APPA’s Executive Vice President E. Lander Medlin shared key points from the discussion on the website. Click to see the full list, but here are some highlights:

  • “Recognizing the critical need for vast testing and tracing protocols to achieve success, the University of Arizona is “owning” the entire process (virus, antigen, and antibody testing; and rapid turnaround lab results). They have developed a fully digital platform for contact tracing. Smaller institutions without the capability and resources should focus on antigen testing and contact tracing of which the University of Arizona is willing to provide their protocol for tracing, and it is fully scalable.
  • “University of Arizona is performing vast water-based epidemiology. Researchers test the wastewater effluent coming out of the buildings and see the virus spiking in the wastewater before anybody in the building has determined symptoms for themselves. This is powerful and could be a game-changer, especially when used in residence halls for early detection of virus infection and people can be tested before they are showing symptoms. This will further assist in getting on top of clusters quickly.

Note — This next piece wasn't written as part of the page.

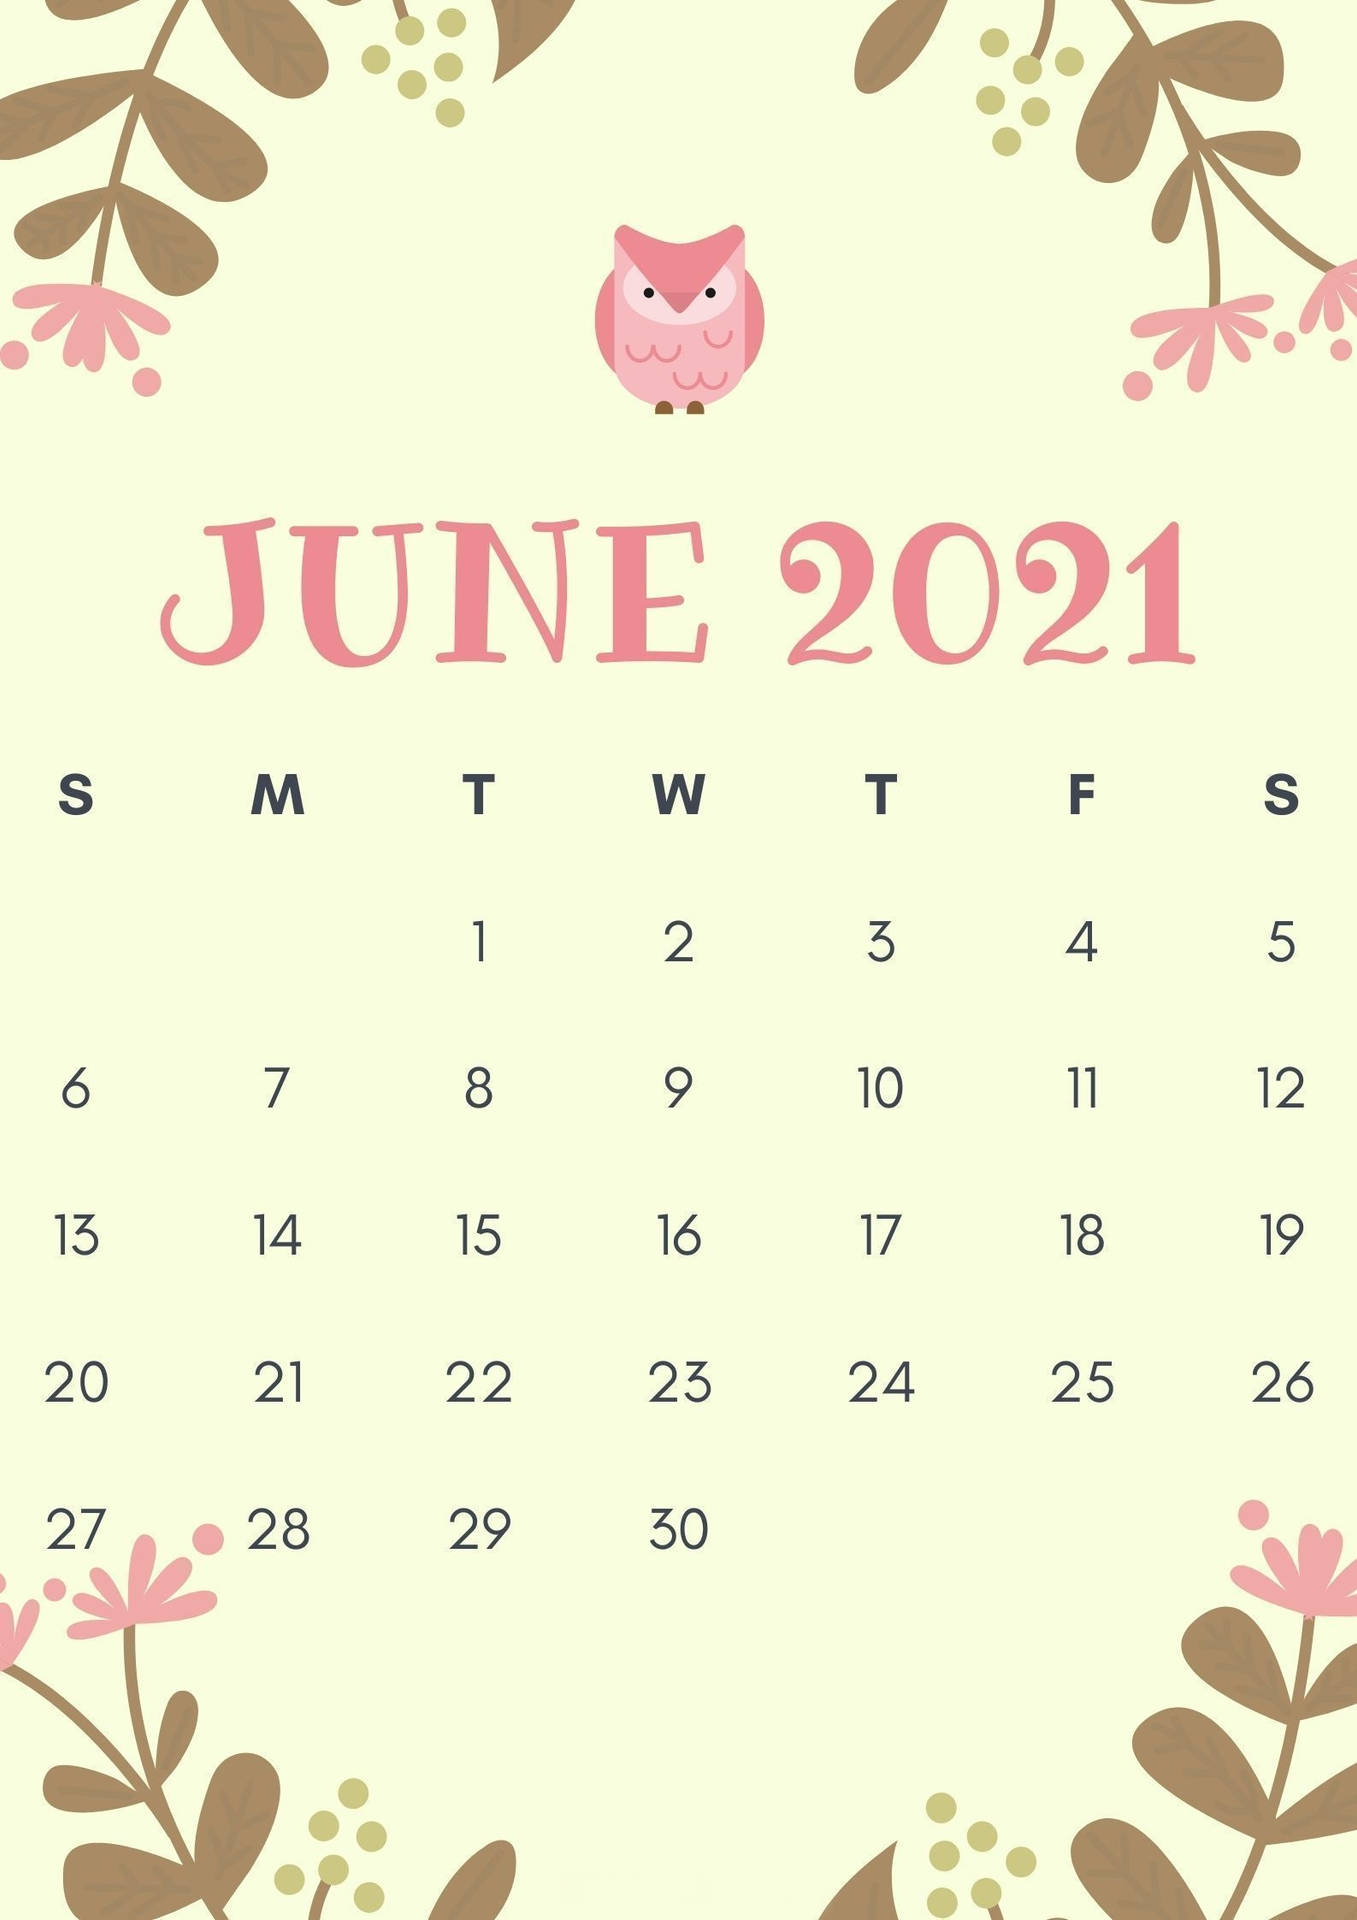 Cool June 2021 Calendar Wallpaper
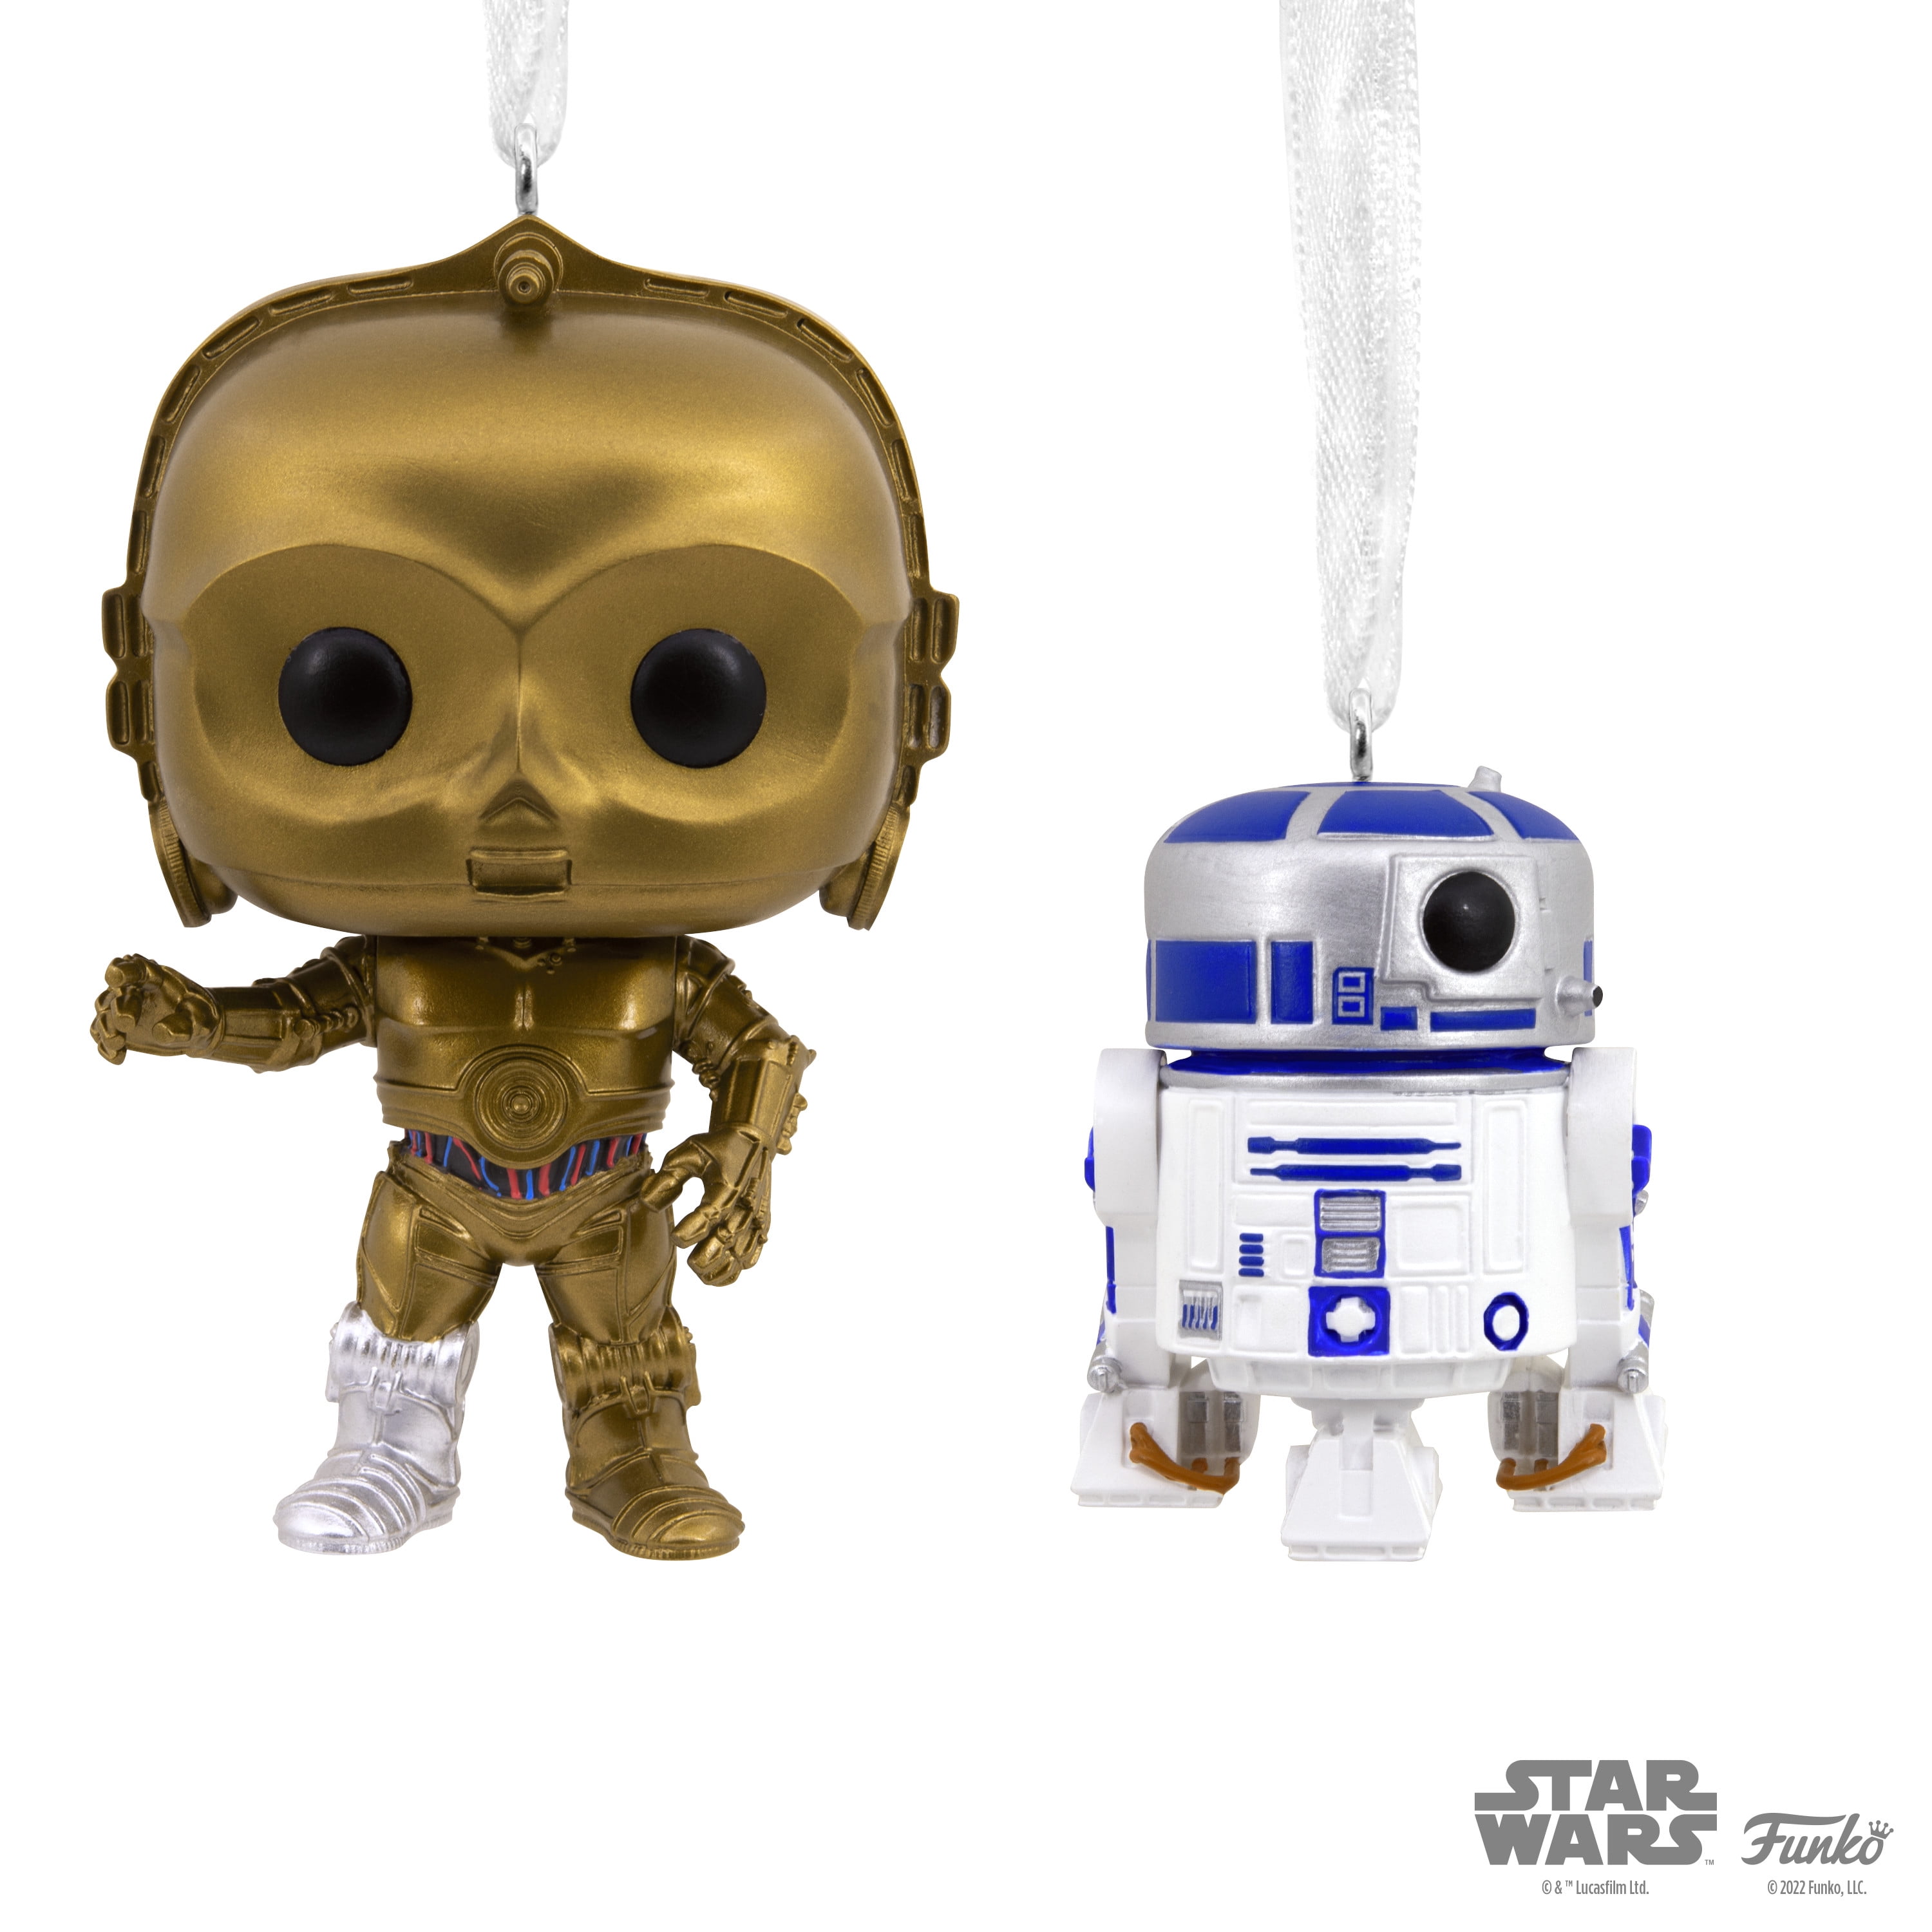 Minder suiker Regelmatigheid Hallmark Star Wars Mystery Ornaments (C-3PO and R2-D2 Funko POP!, Set of 2)  - Limited Availability - Walmart.com

  • “Faculty, students, and administrative staff are being further accommodated with “disinfection supply kits.” The decision to mandate face coverings/masks is still in limbo.
  • “Most institutions are requiring masks in public spaces and especially when 6’ social/physical distancing cannot be maintained.
  • “Signage and markers on furniture and floors for 6’ social distancing queuing are a given for every building entrance, high traffic areas, and classrooms.
  • “Plexiglas shields are being widely explored for use in customer service areas, some work stations, teacher protection, etc.
  • “Very few, if any, institutions have decided to add cleaning between classes.
  • “Shutting off water fountains has not been the norm, with instructional signage and water bottle filling stations preferred.
  • “Most institutions are implementing electrostatic spraying and fogging when they can obtain and/or afford the equipment.
  • “Spelman is exploring ionization instead of UV lighting for further disinfection in air handlers.”